Only one span of the material below is wanted. Output it exactly, from the line with "Peugeot 307, Voitures, Conakry" through the line with "Modest Prom and Formal Dresses | A ...", without any pictures.

#### [DATA EXTRACTS]
- - - - - - -
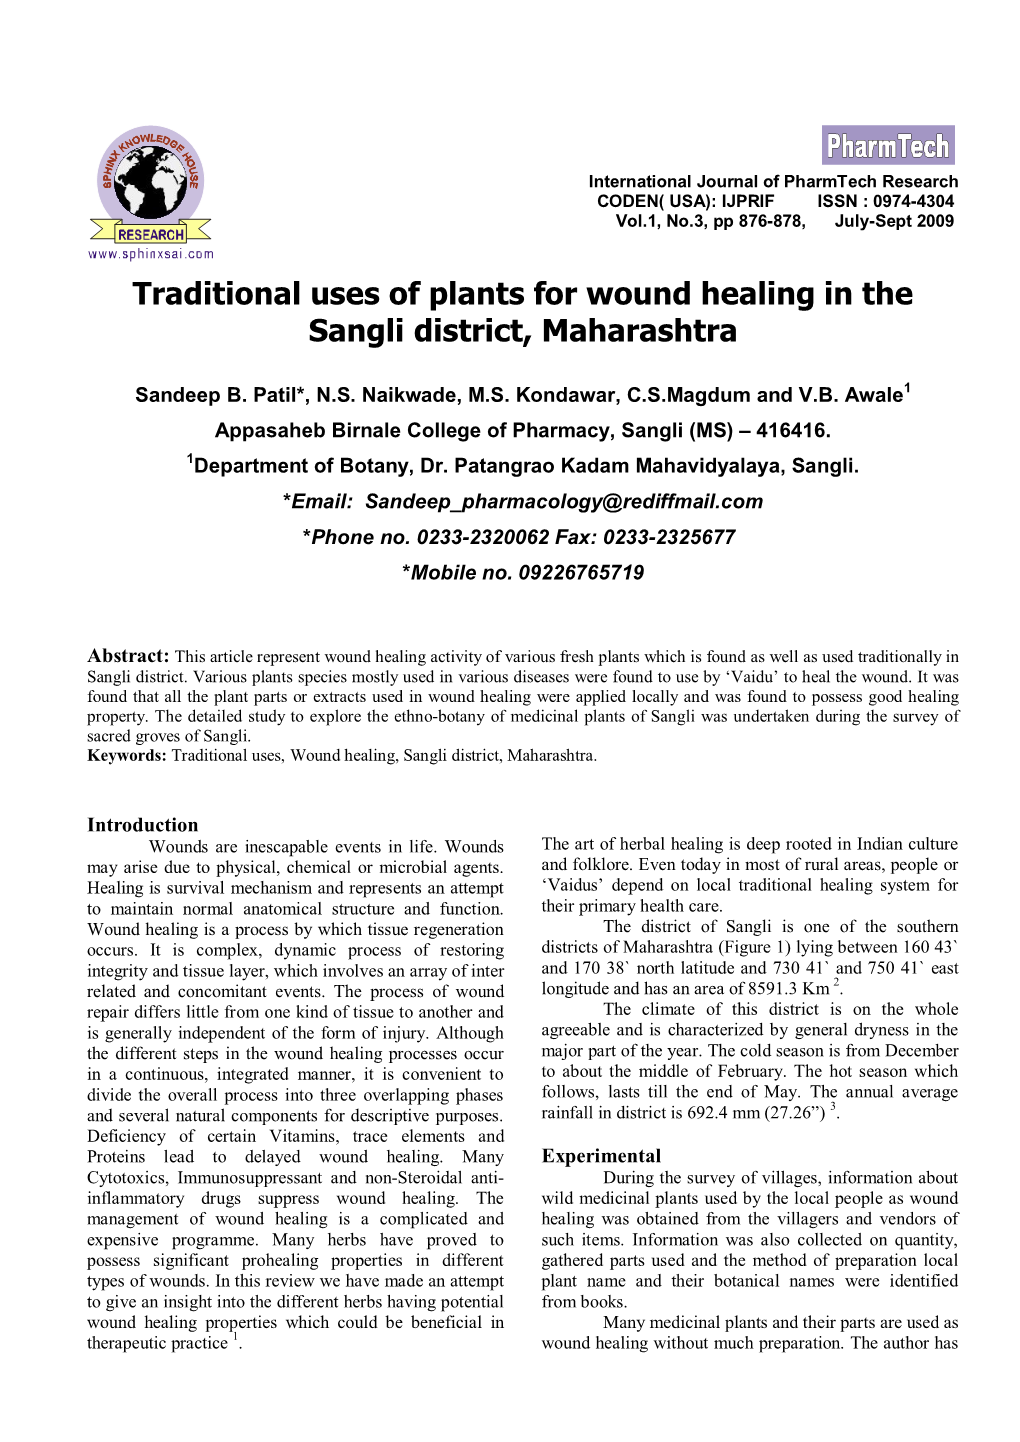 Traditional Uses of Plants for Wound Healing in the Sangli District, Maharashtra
- - - - - - -
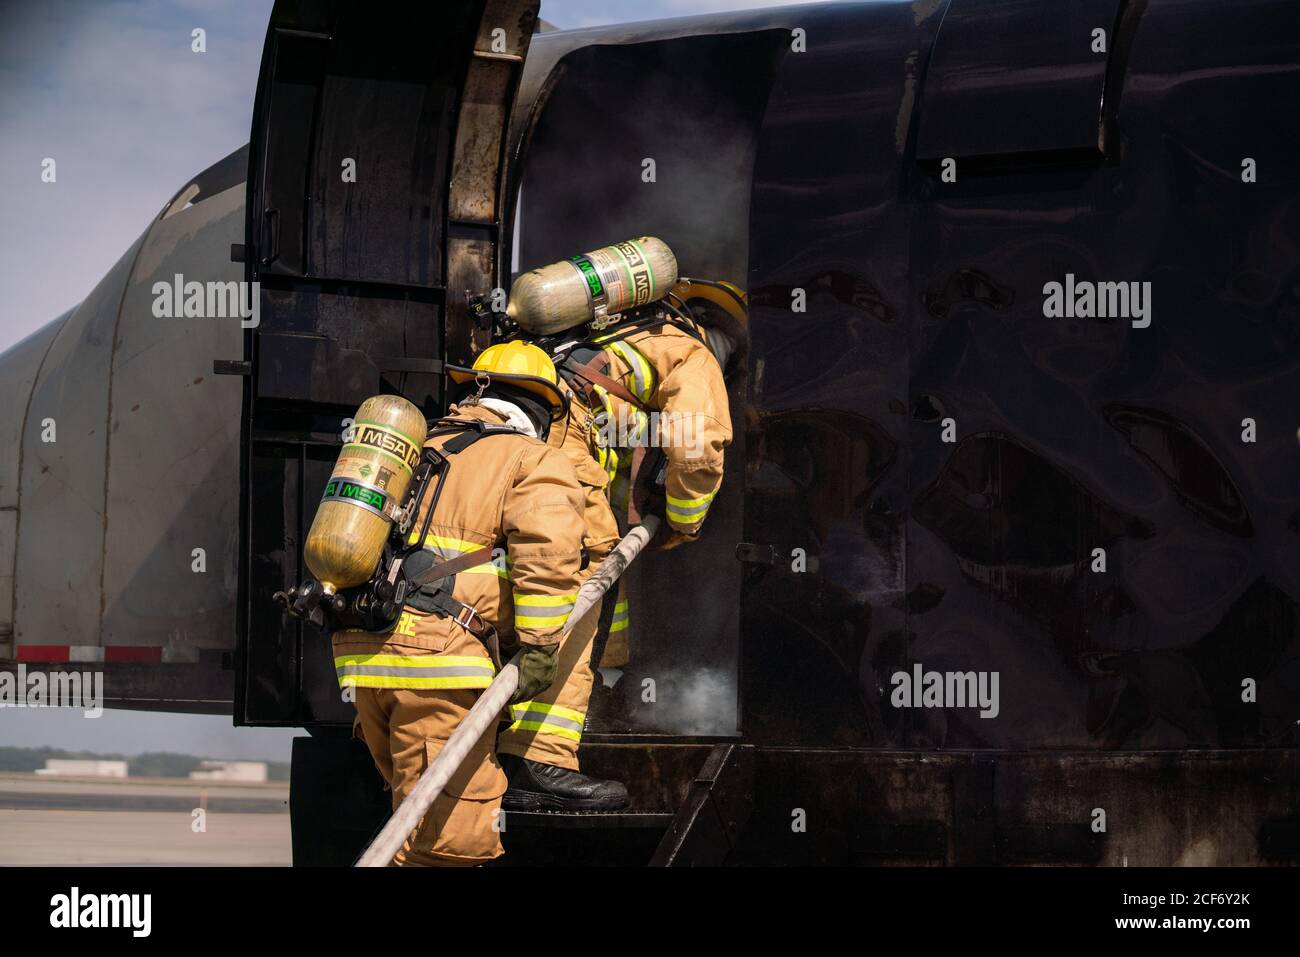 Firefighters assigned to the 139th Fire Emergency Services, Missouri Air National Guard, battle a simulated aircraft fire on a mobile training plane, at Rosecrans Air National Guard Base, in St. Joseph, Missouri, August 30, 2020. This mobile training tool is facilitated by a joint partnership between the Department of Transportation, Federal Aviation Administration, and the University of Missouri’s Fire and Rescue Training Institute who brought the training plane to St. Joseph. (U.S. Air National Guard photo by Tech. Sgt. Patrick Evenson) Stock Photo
- - - - - - -
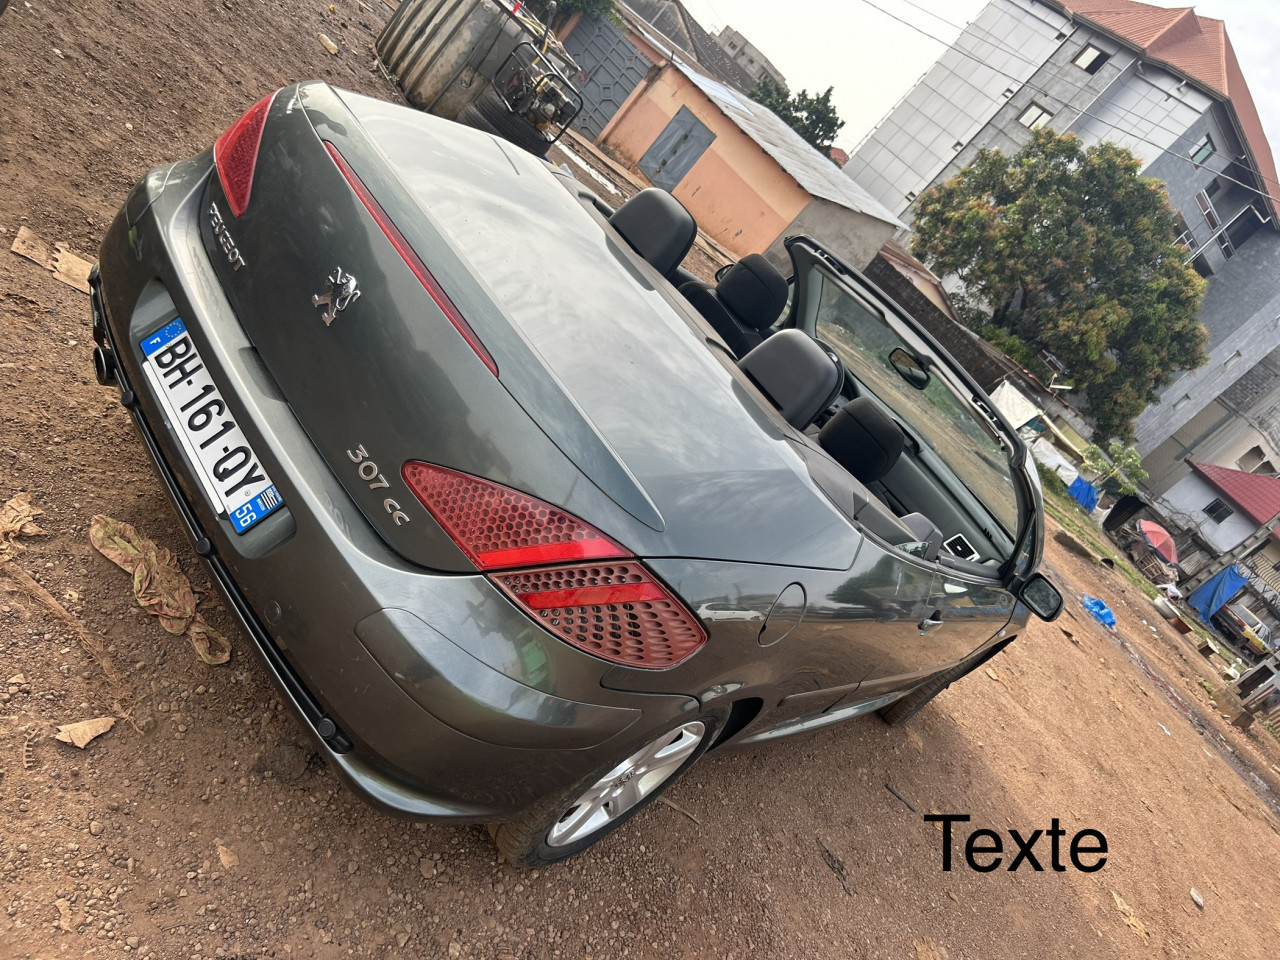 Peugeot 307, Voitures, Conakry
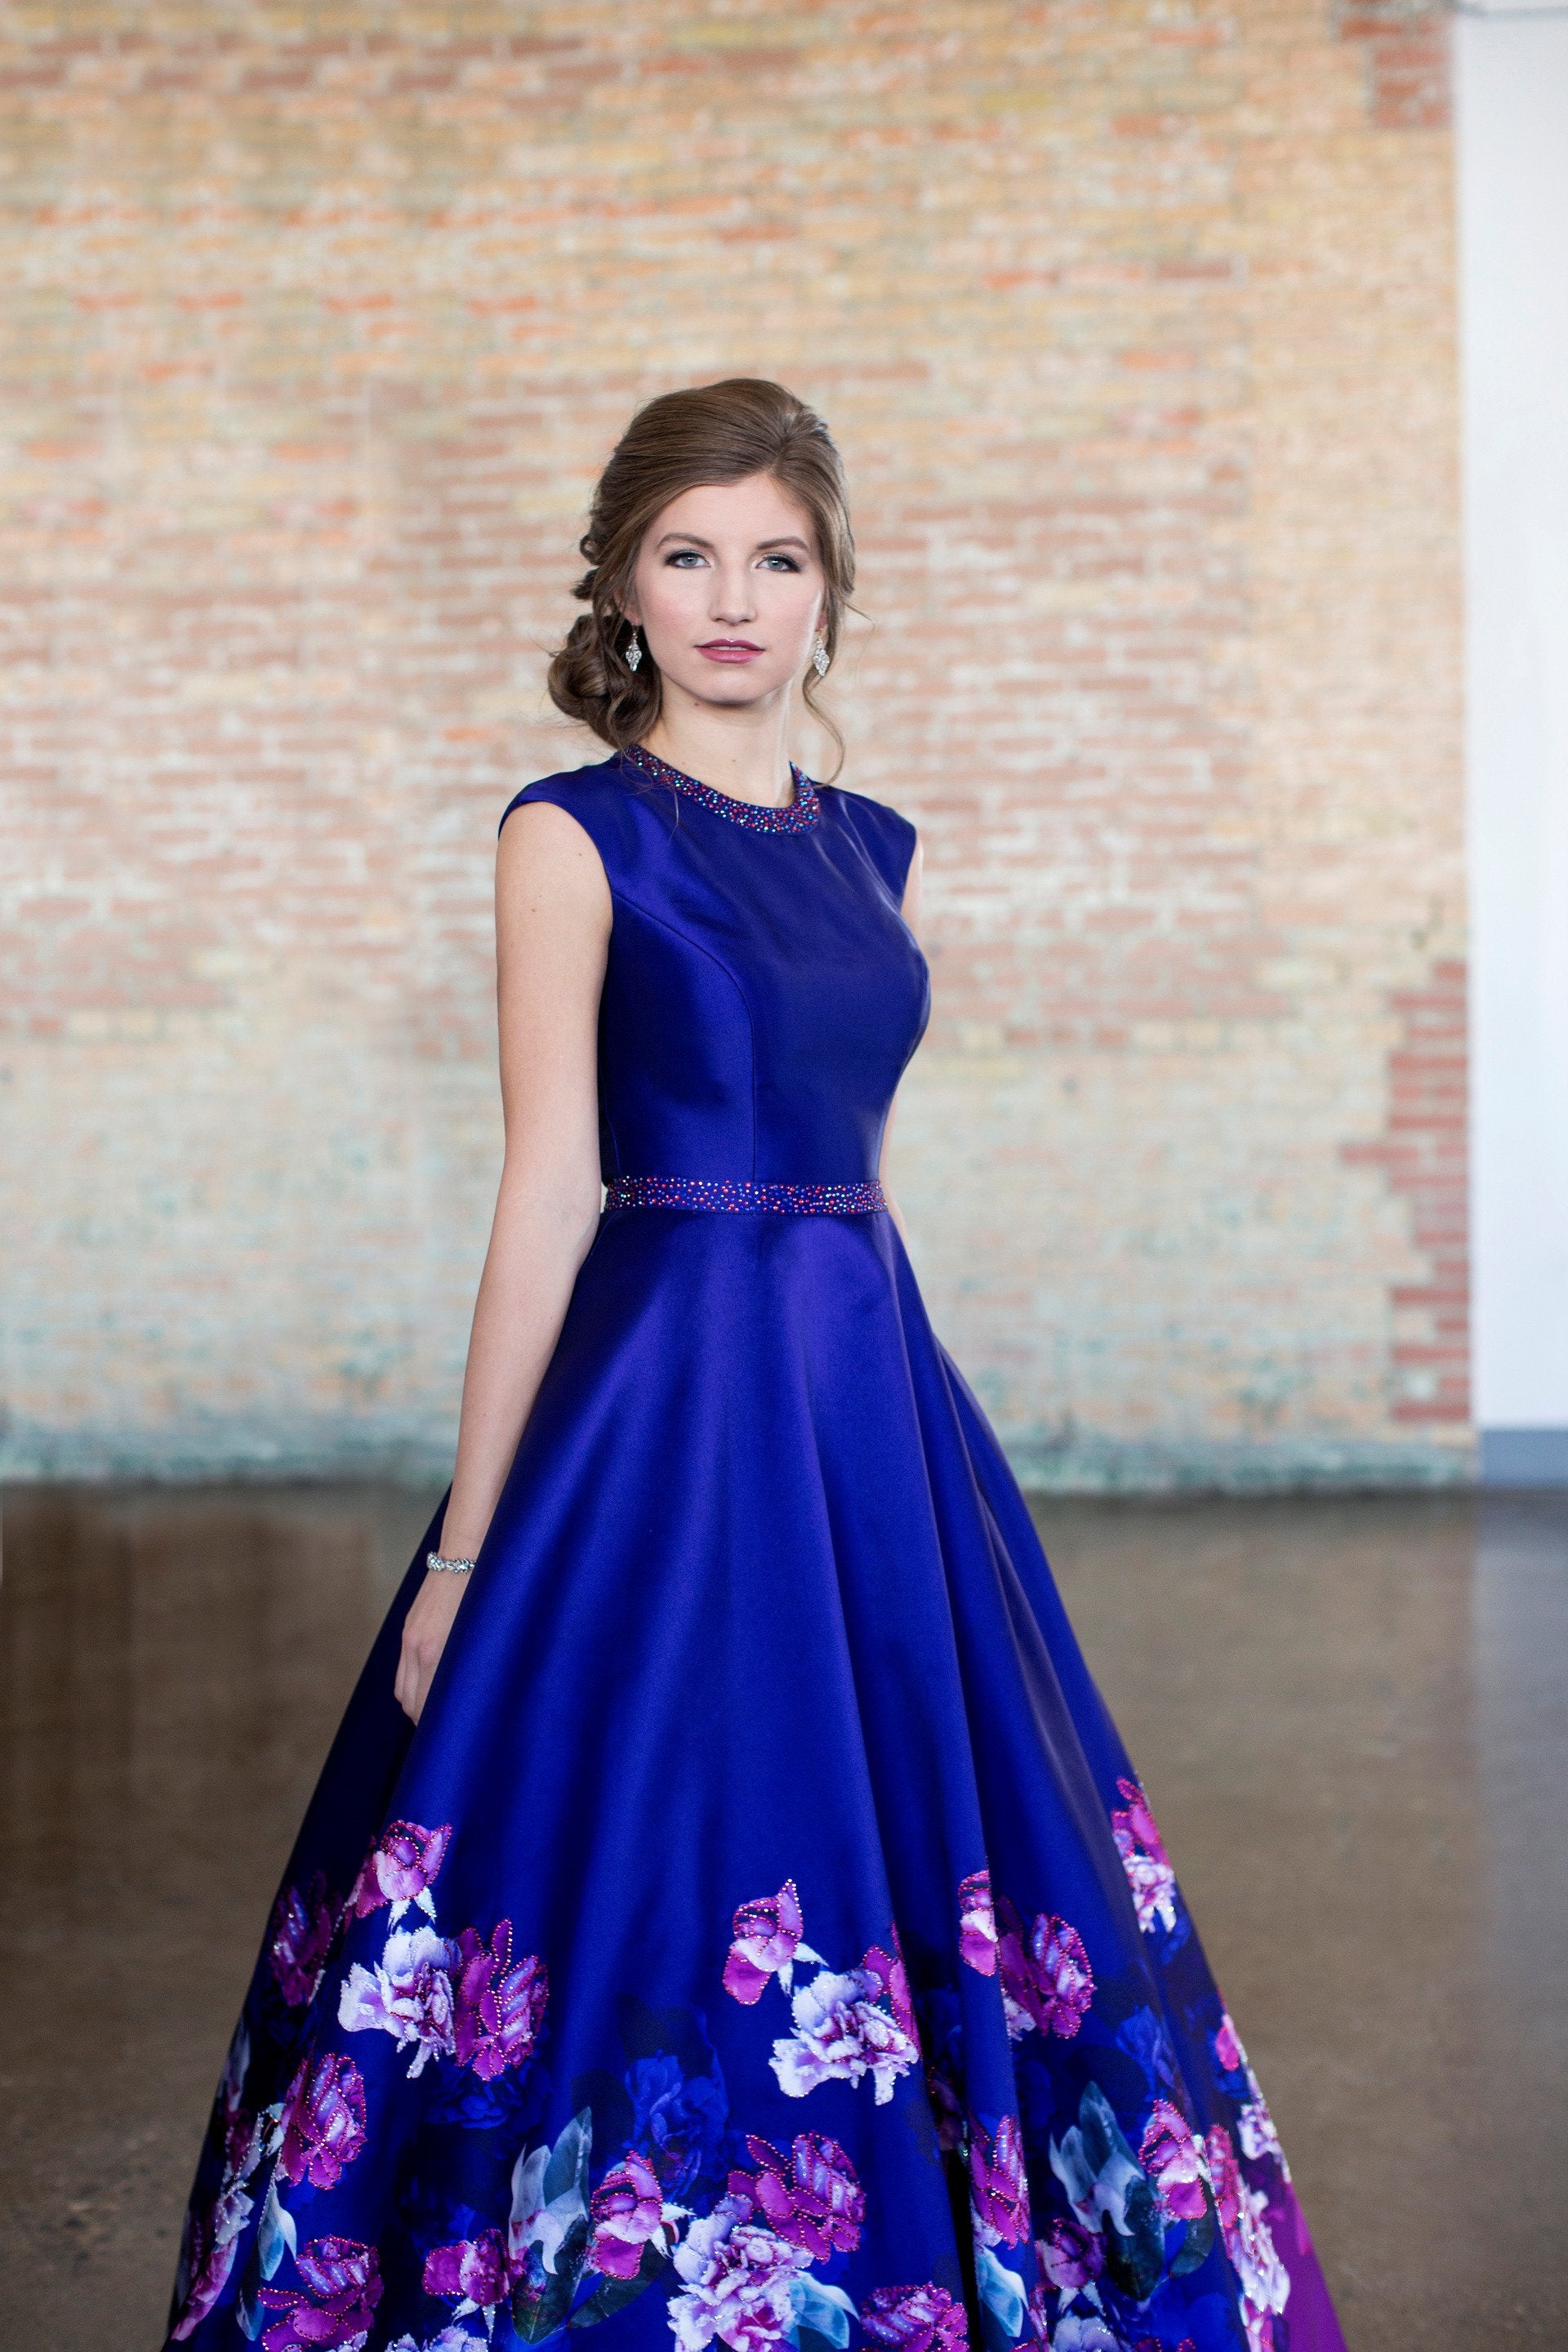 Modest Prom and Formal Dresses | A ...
- - - - - - -
#### [PROBLEM SOLUTION]
 Peugeot 307, Voitures, Conakry
 Modest Prom and Formal Dresses | A ...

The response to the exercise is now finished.